------ Data provided

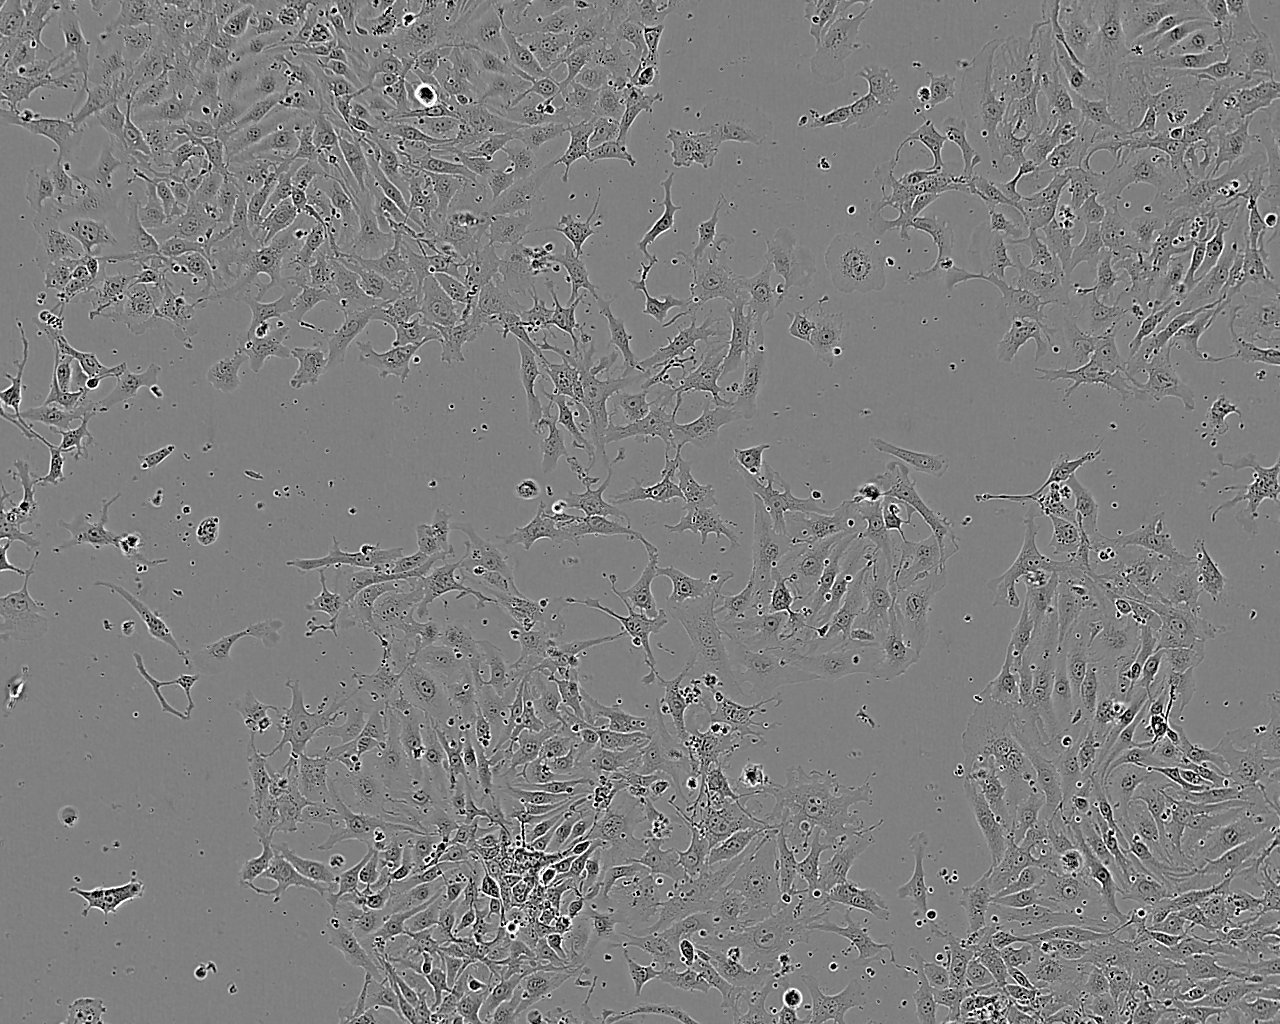 LMH epithelioid cells鸡肝癌细胞系
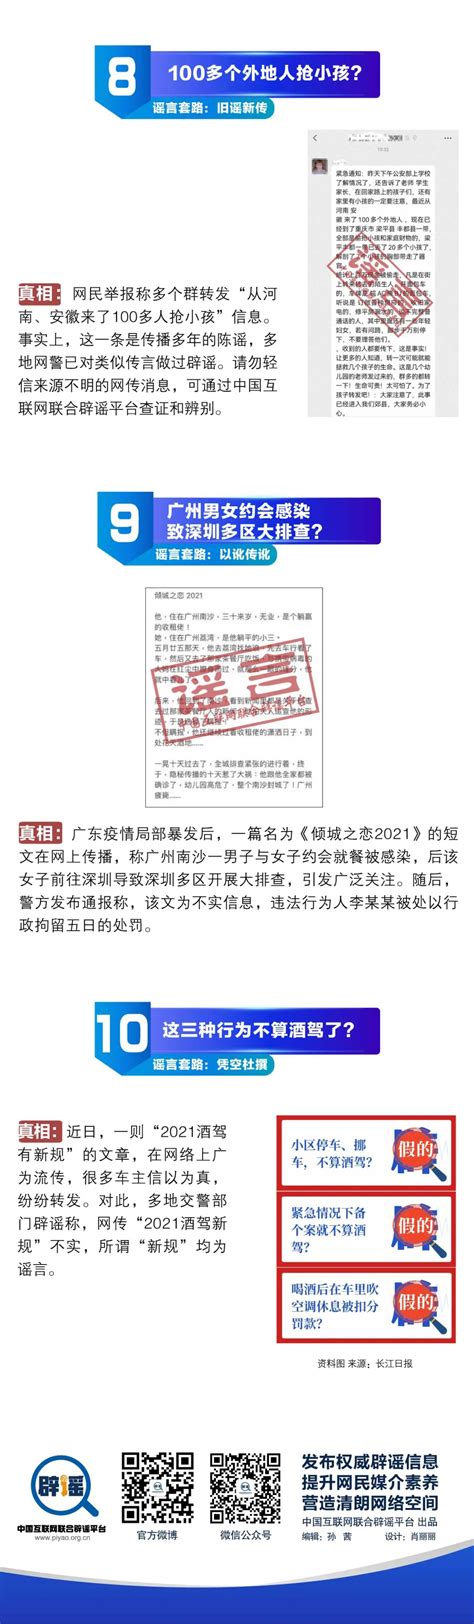 山西省晋城市2021年消费维权十大热点-中国质量新闻网
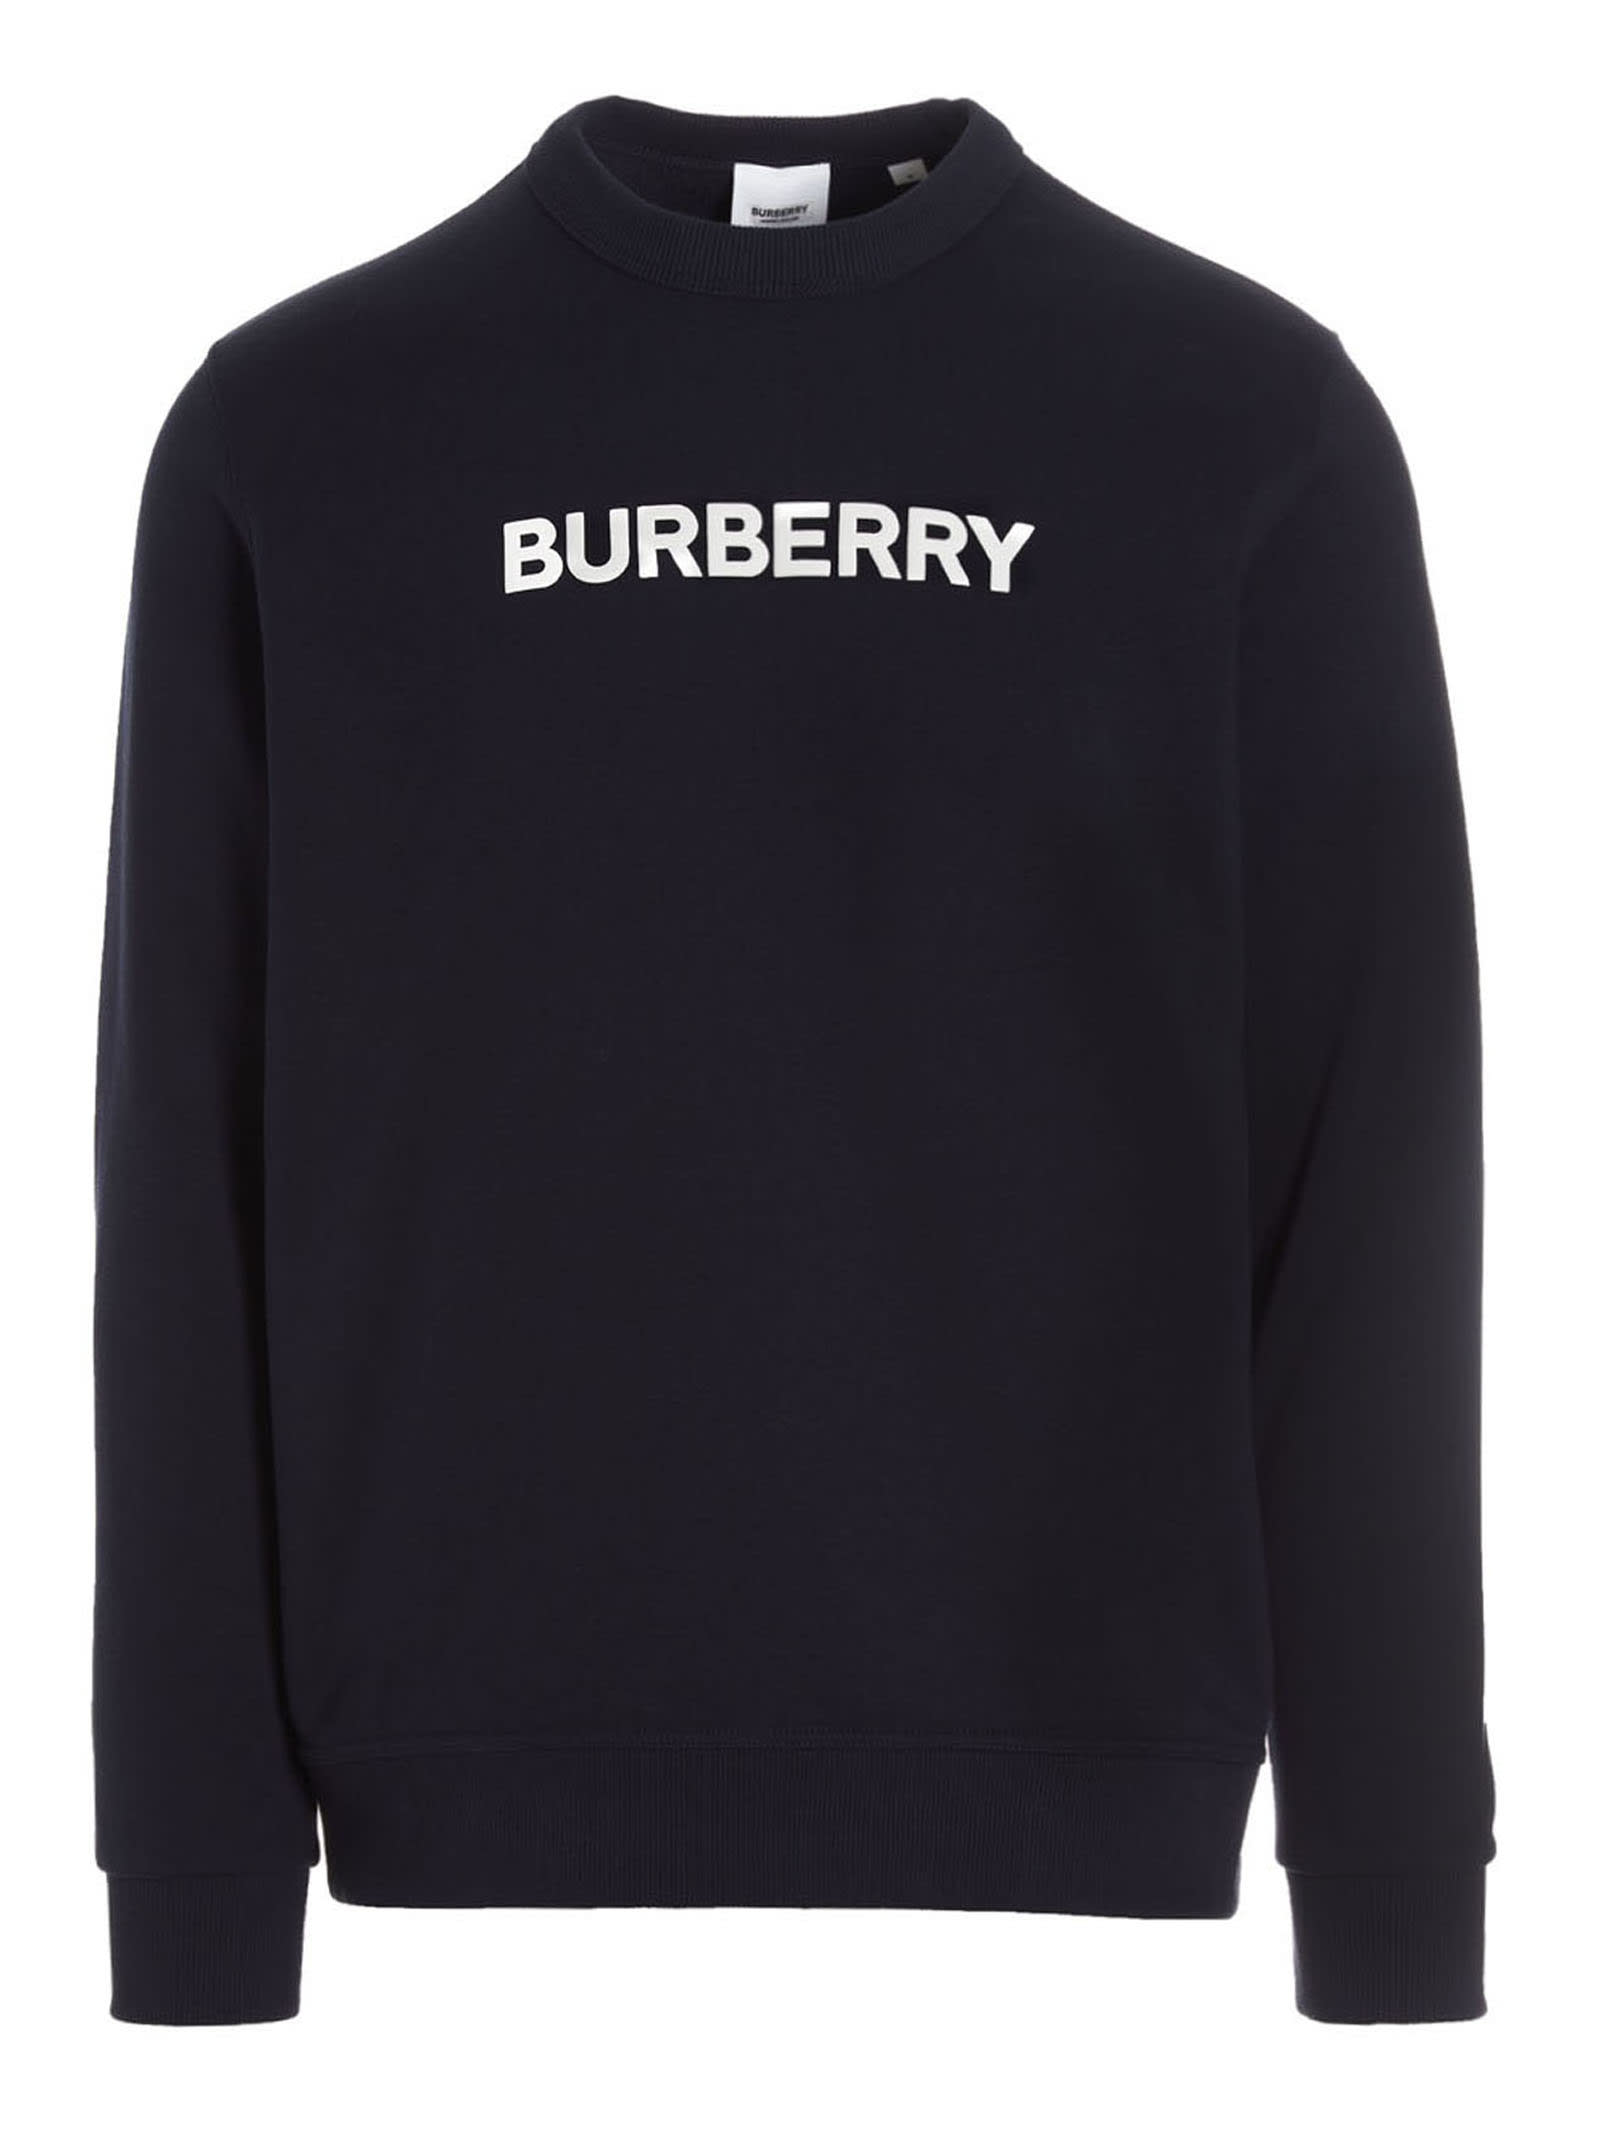 Burberry burlow Sweatshirt

------------

#### What the task asks:
Since pictures are not part of the copy, set down only the remaining data exactly.

#### Written answer:
 LMH epithelioid cells鸡肝癌细胞系
 山西省晋城市2021年消费维权十大热点-中国质量新闻网
 Burberry burlow Sweatshirt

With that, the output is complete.